▸ Data for analysis:

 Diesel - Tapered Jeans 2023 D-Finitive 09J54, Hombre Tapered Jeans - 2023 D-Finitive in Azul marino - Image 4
---
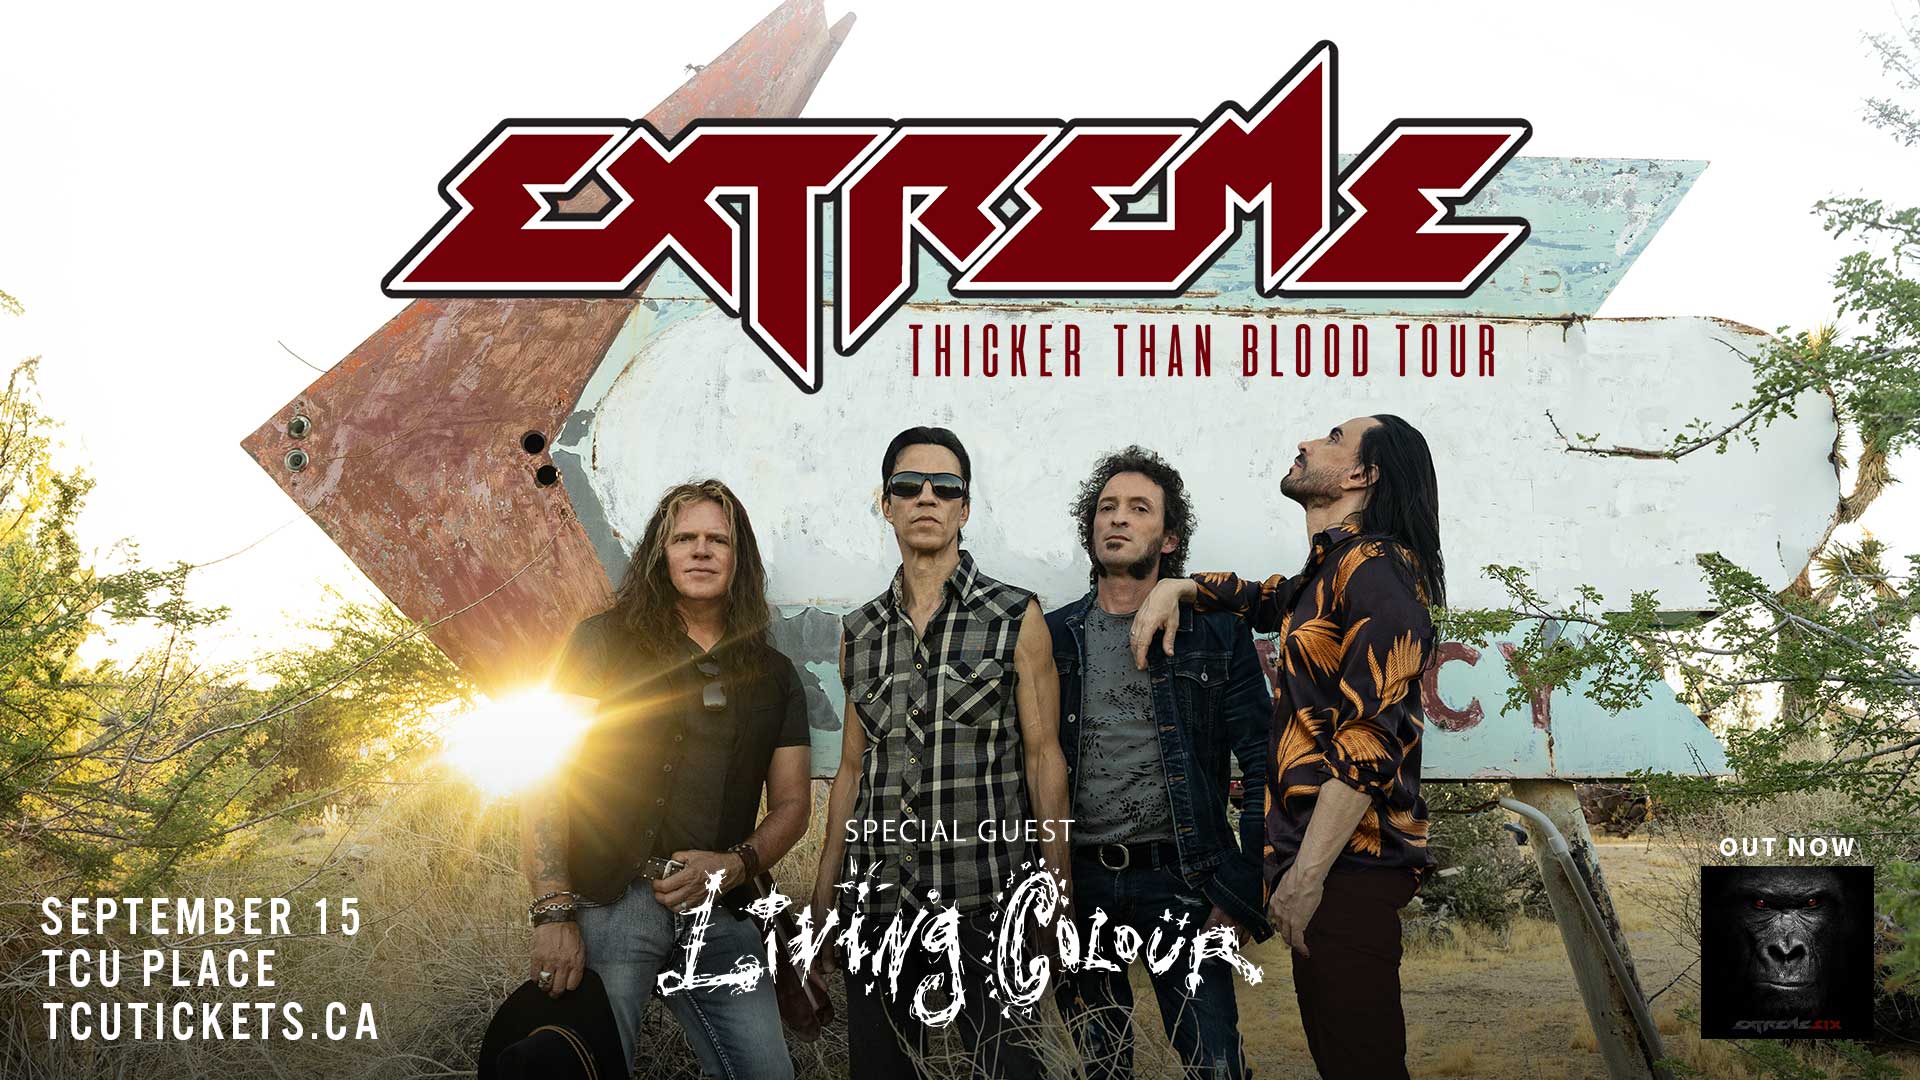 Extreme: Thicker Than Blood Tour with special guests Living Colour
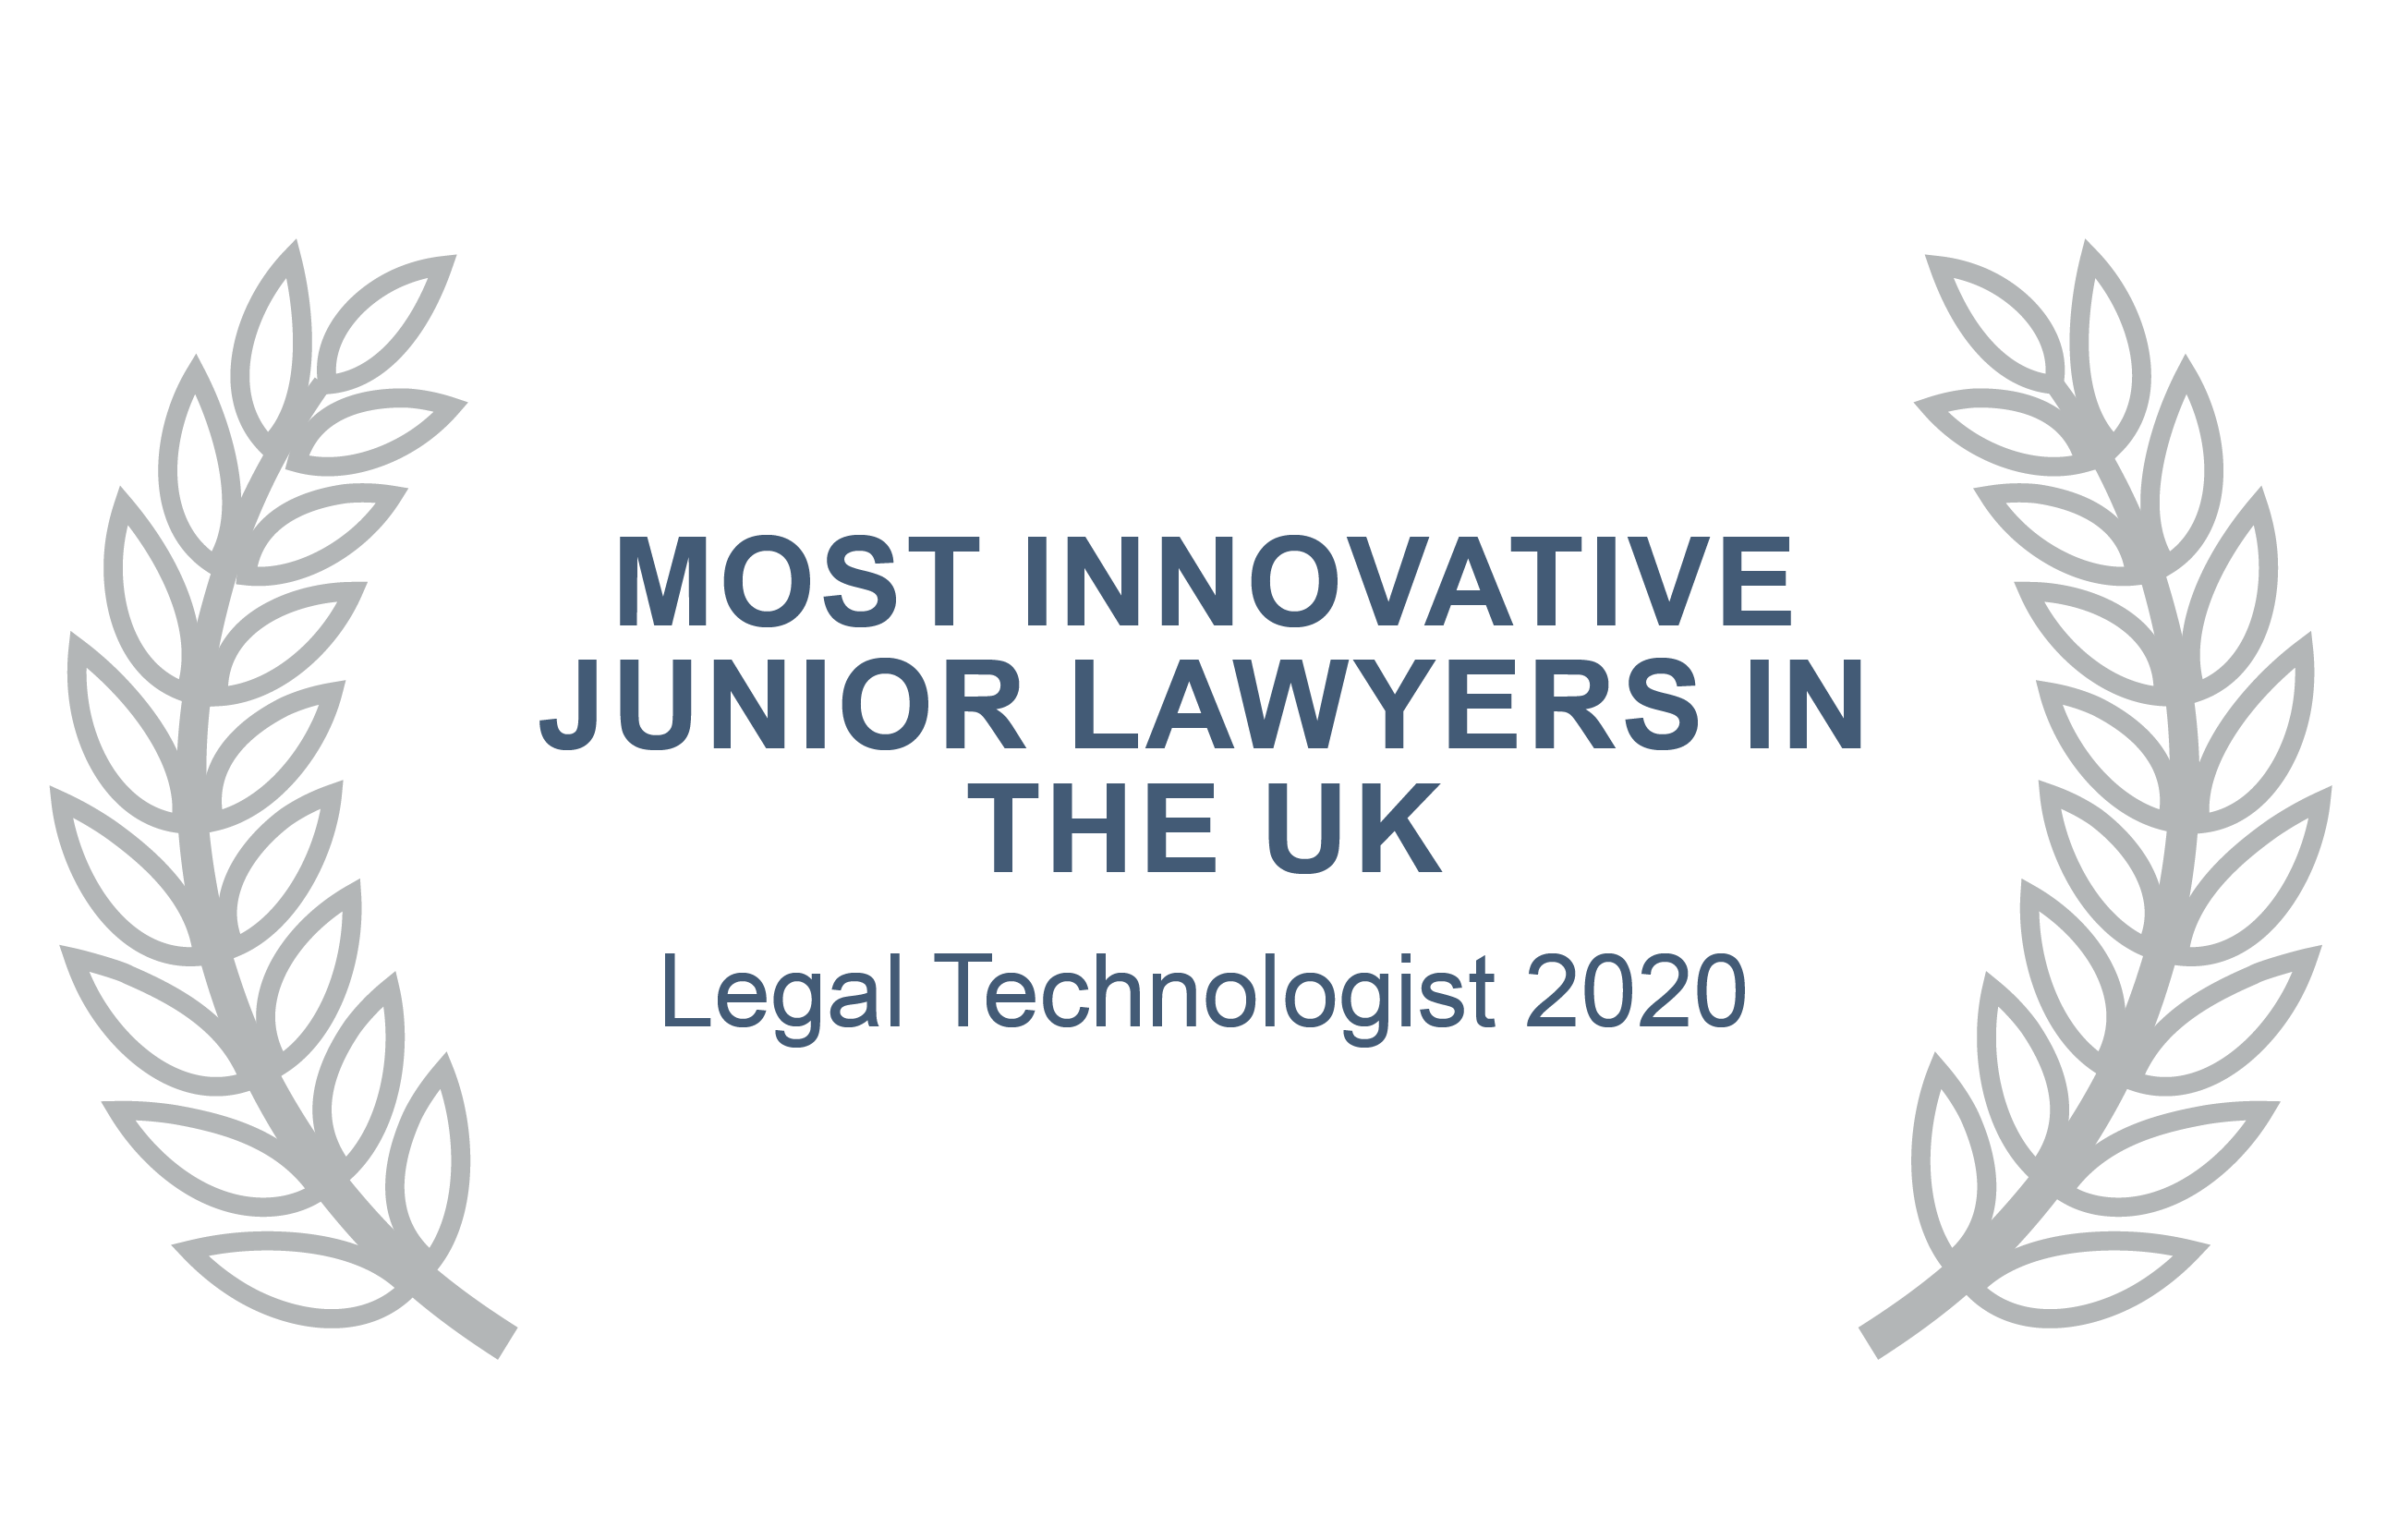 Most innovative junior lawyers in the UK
==
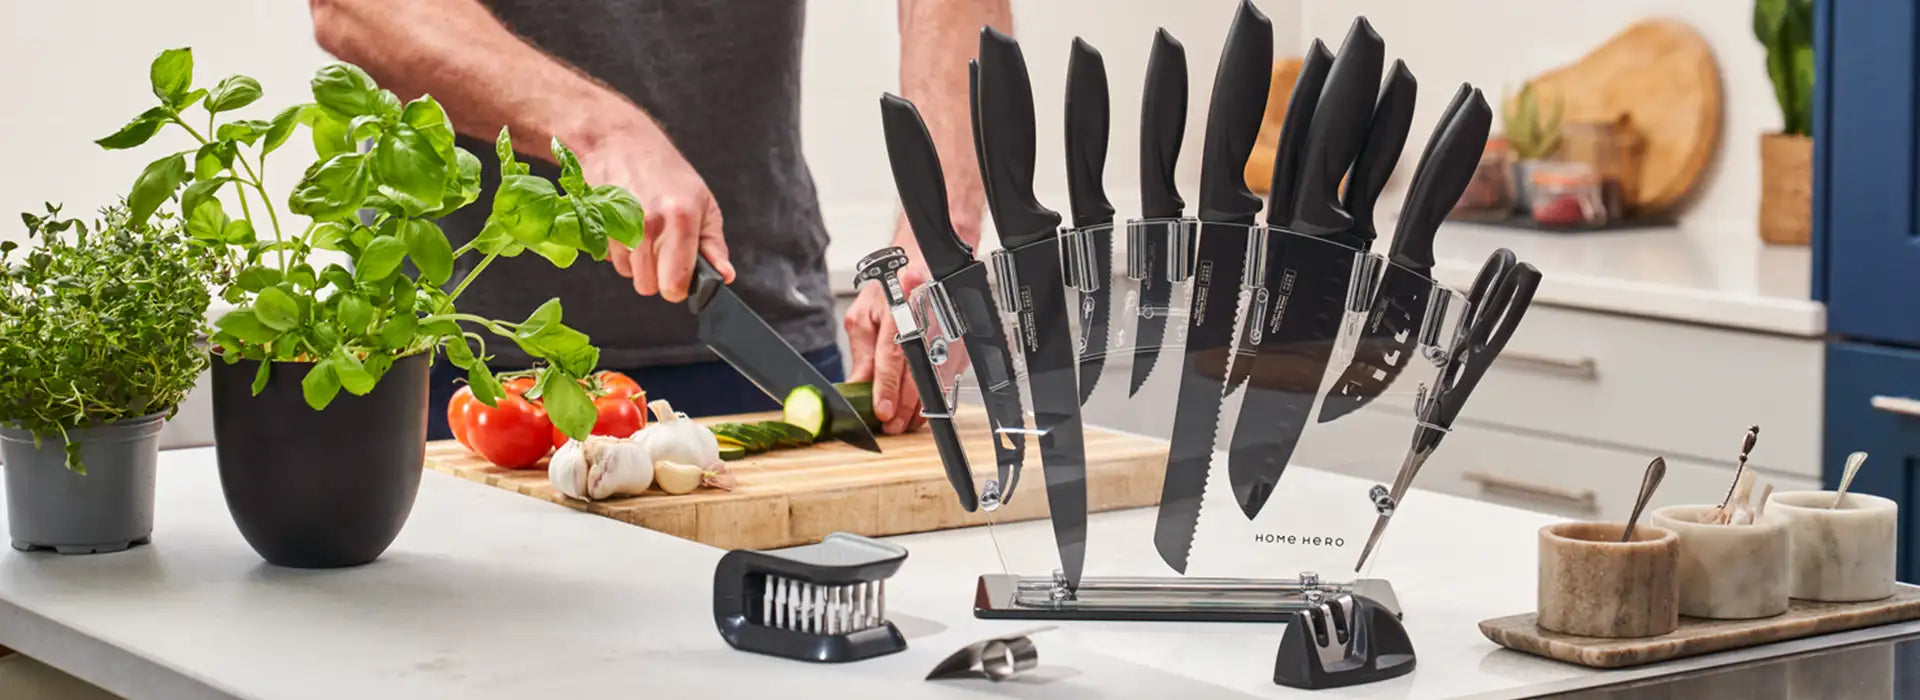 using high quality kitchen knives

▸ Problem: Between and including the line above that contains "Extreme: Thicker Than" and the line that contains "Most innovative junior lawyers in the UK", restate every line word for word. Pictures stay out.

▸ Answer for the task:
 Extreme: Thicker Than Blood Tour with special guests Living Colour
 Most innovative junior lawyers in the UK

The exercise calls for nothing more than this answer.